From the listing that follows, reproduce only the lines from the one holding "passchier gump bamboo" through the one holding "Stupid Short eevee comic 1", both included, with no pictures.
** Records to use follows **
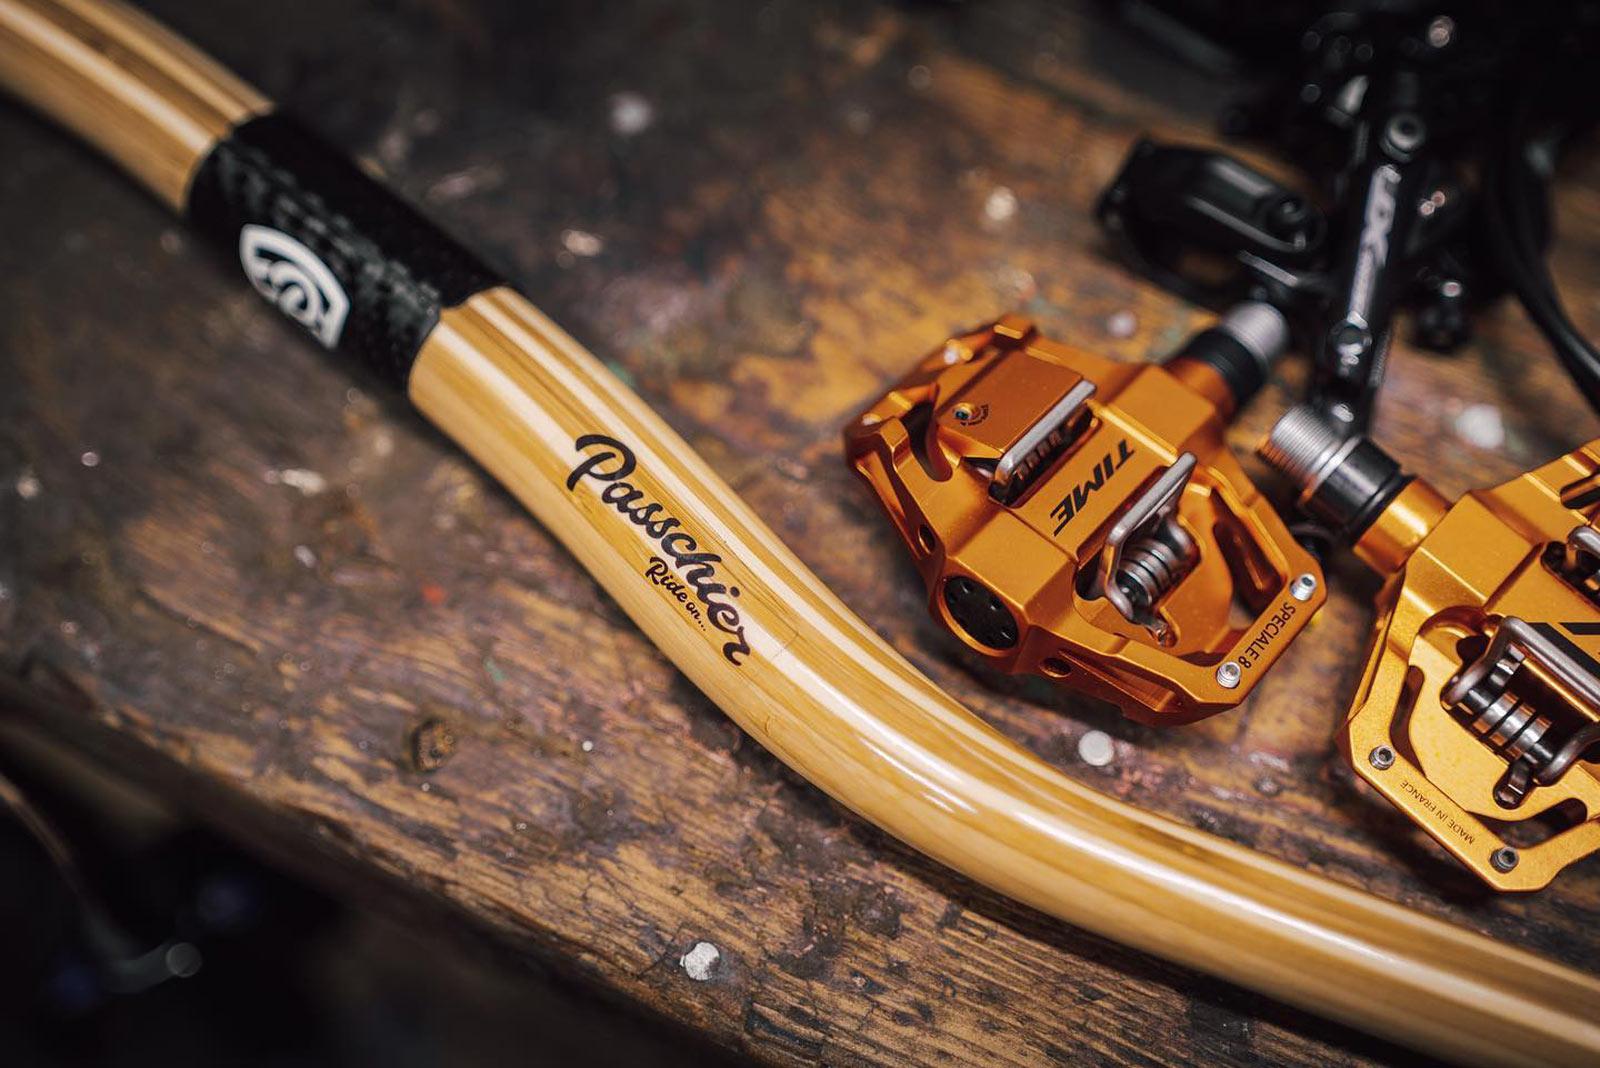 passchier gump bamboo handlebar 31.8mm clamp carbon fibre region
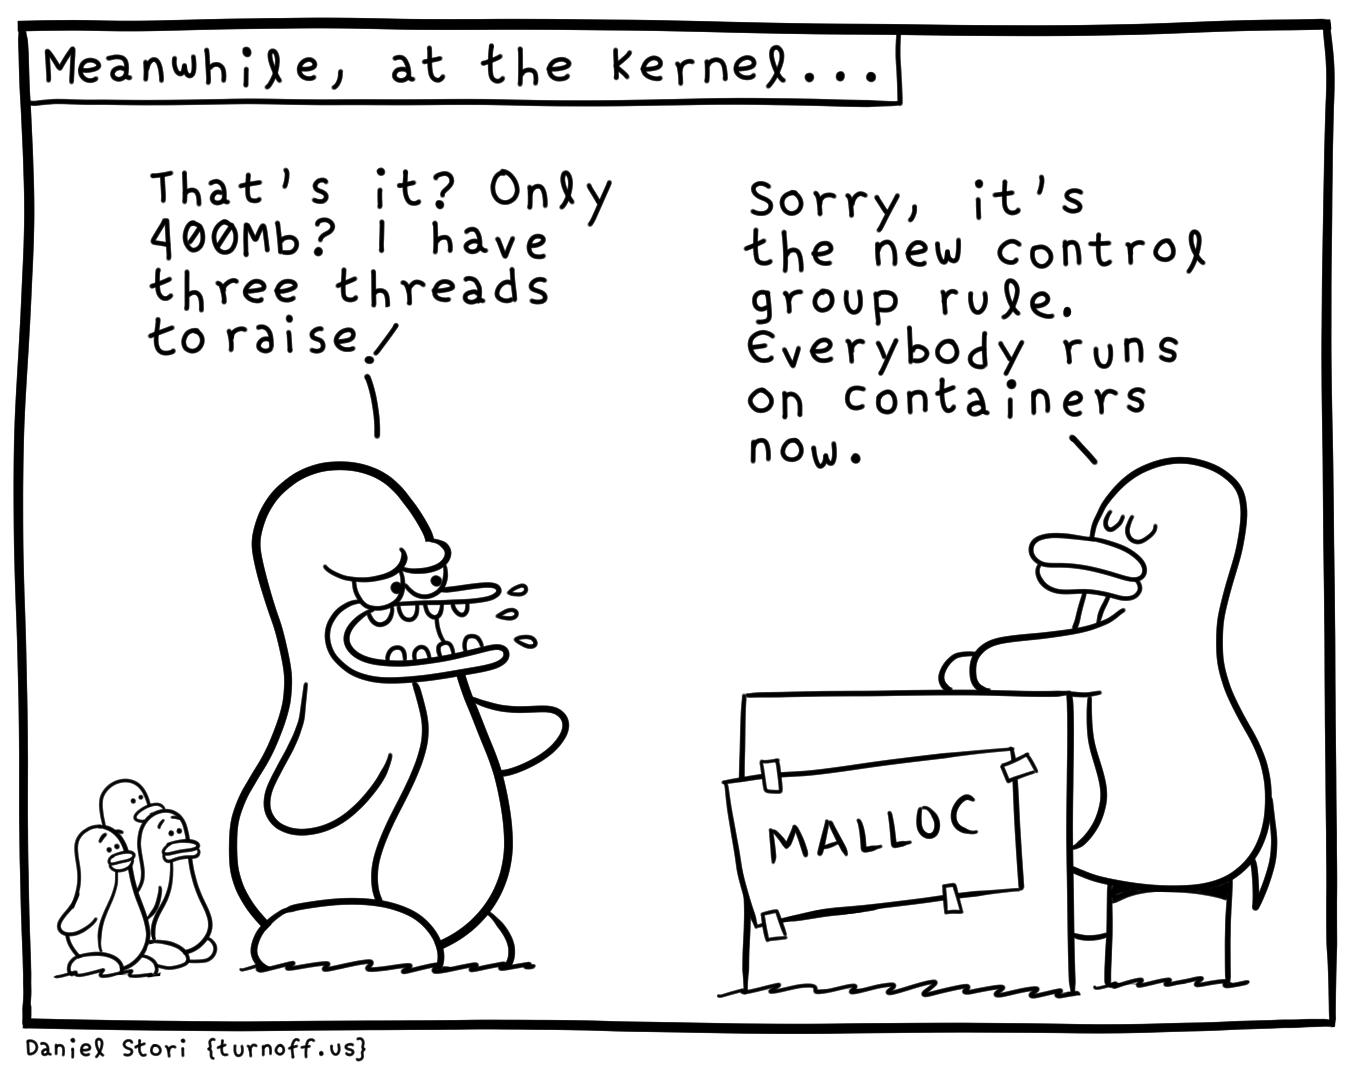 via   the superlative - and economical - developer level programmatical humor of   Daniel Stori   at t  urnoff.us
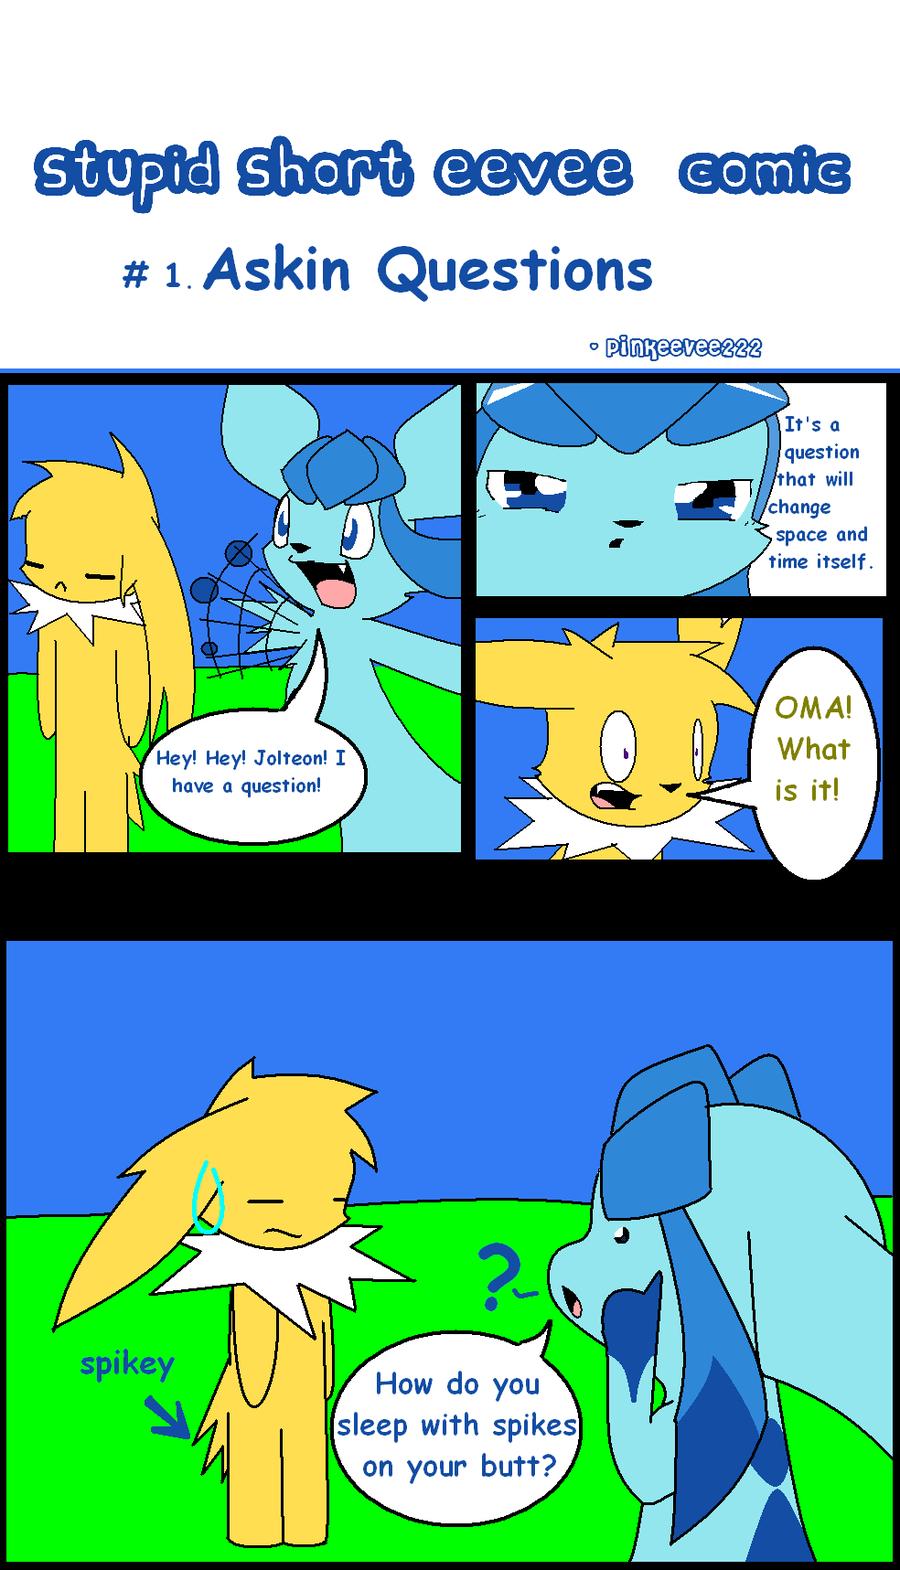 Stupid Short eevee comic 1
** End of Records to use **
** Records to use follows **
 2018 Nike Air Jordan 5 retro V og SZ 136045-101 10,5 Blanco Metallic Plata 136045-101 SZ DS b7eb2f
** End of Records to use **
Result for this exercise>
 passchier gump bamboo handlebar 31.8mm clamp carbon fibre region
 via   the superlative - and economical - developer level programmatical humor of   Daniel Stori   at t  urnoff.us
 Stupid Short eevee comic 1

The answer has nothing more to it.